# What is needed
What you return should be the full listing, word for word, without a single image.

# Data block

- - - - -

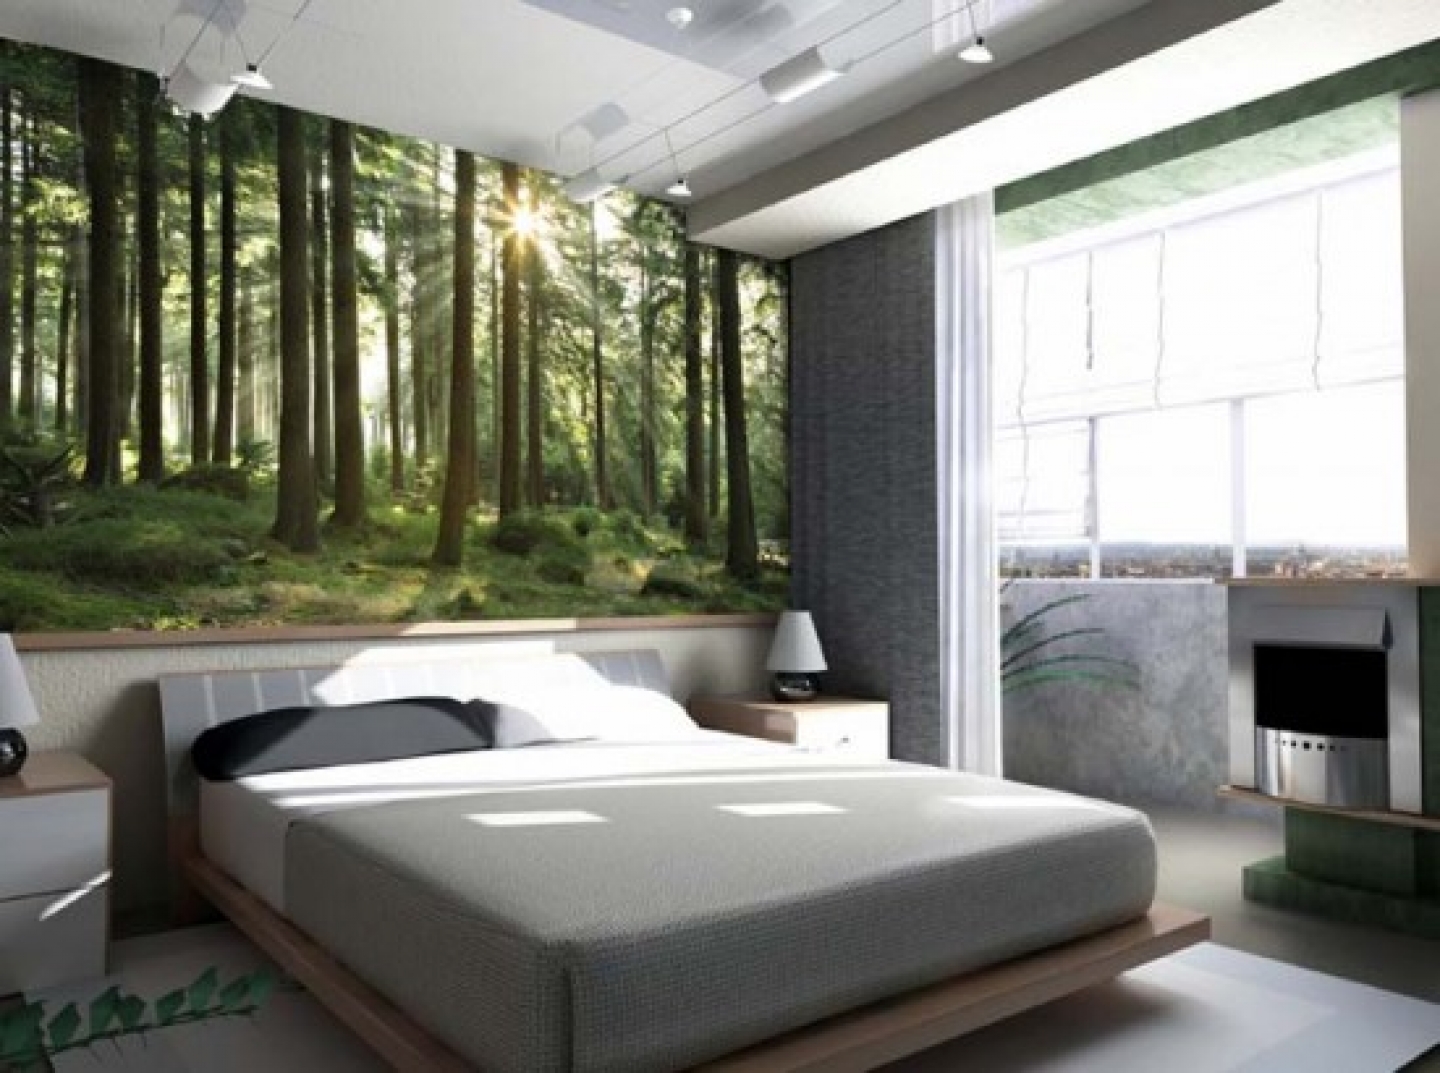 HD Modern Wallpaper For Living Room
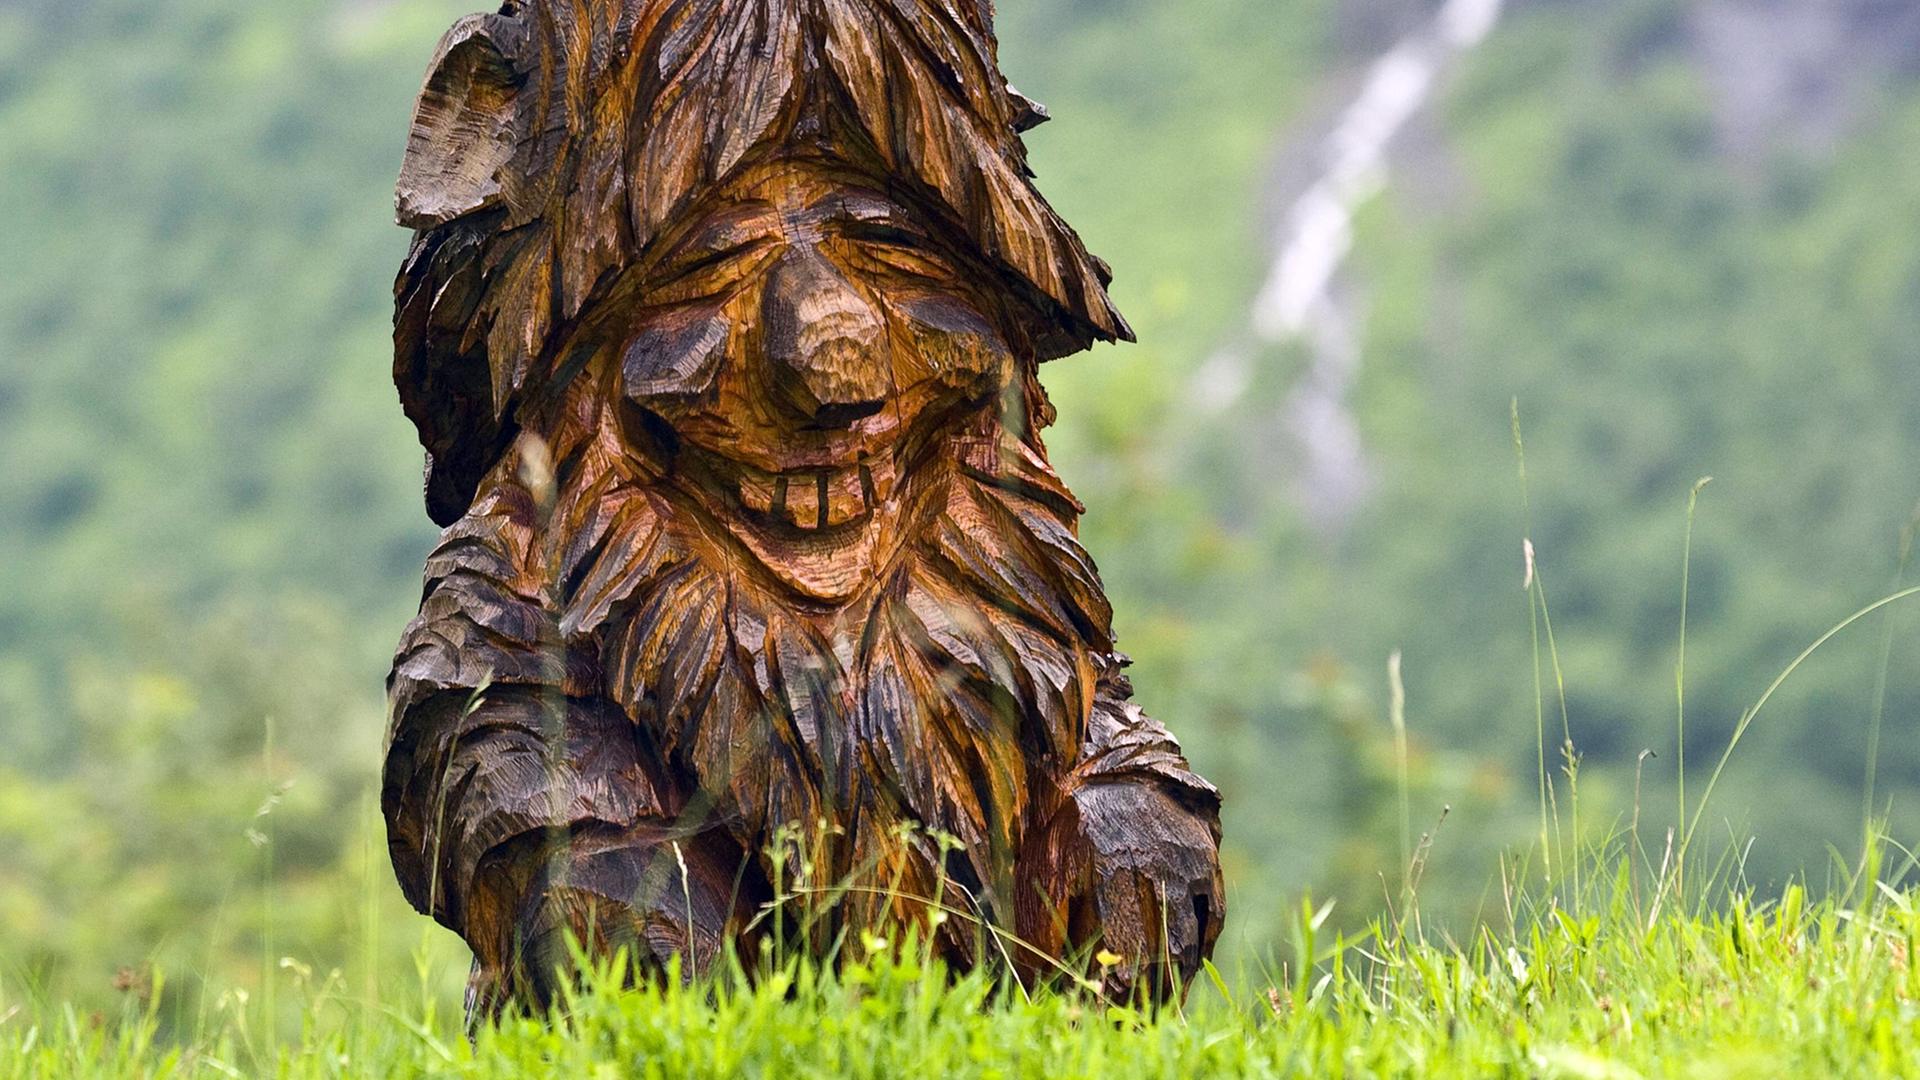 Ein aus Holz geschnitzter Troll in Norwegen auf einer Wiese.
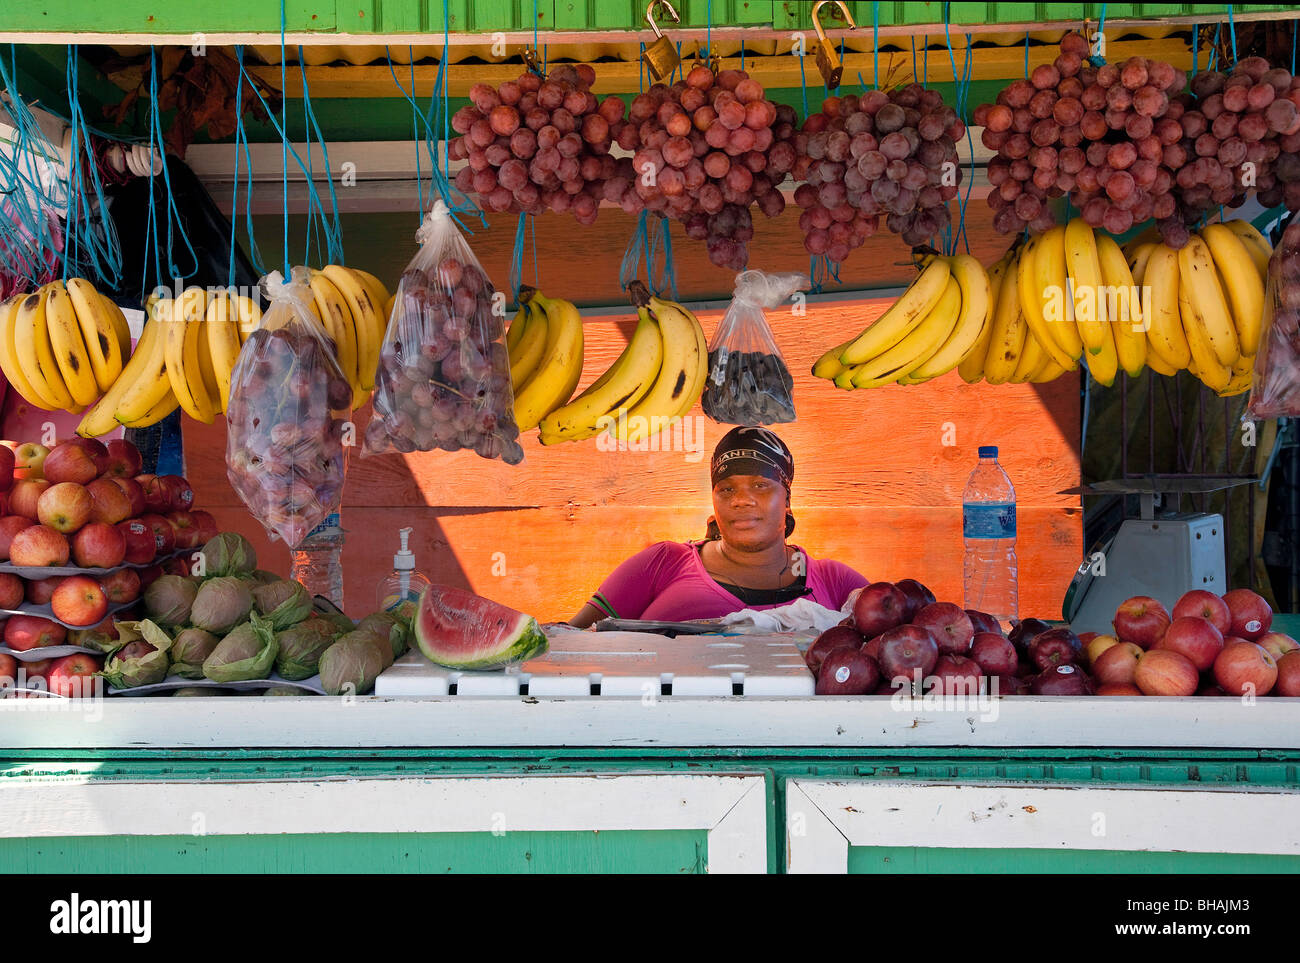 Vendeur de fruits présentoirs de comptoir le jour du marché aux pommes et fruits tropicaux sur afficher Tobago Caraïbes Banque D'Images

- - - - -

# Exercise result
 HD Modern Wallpaper For Living Room
 Ein aus Holz geschnitzter Troll in Norwegen auf einer Wiese.
 Vendeur de fruits présentoirs de comptoir le jour du marché aux pommes et fruits tropicaux sur afficher Tobago Caraïbes Banque D'Images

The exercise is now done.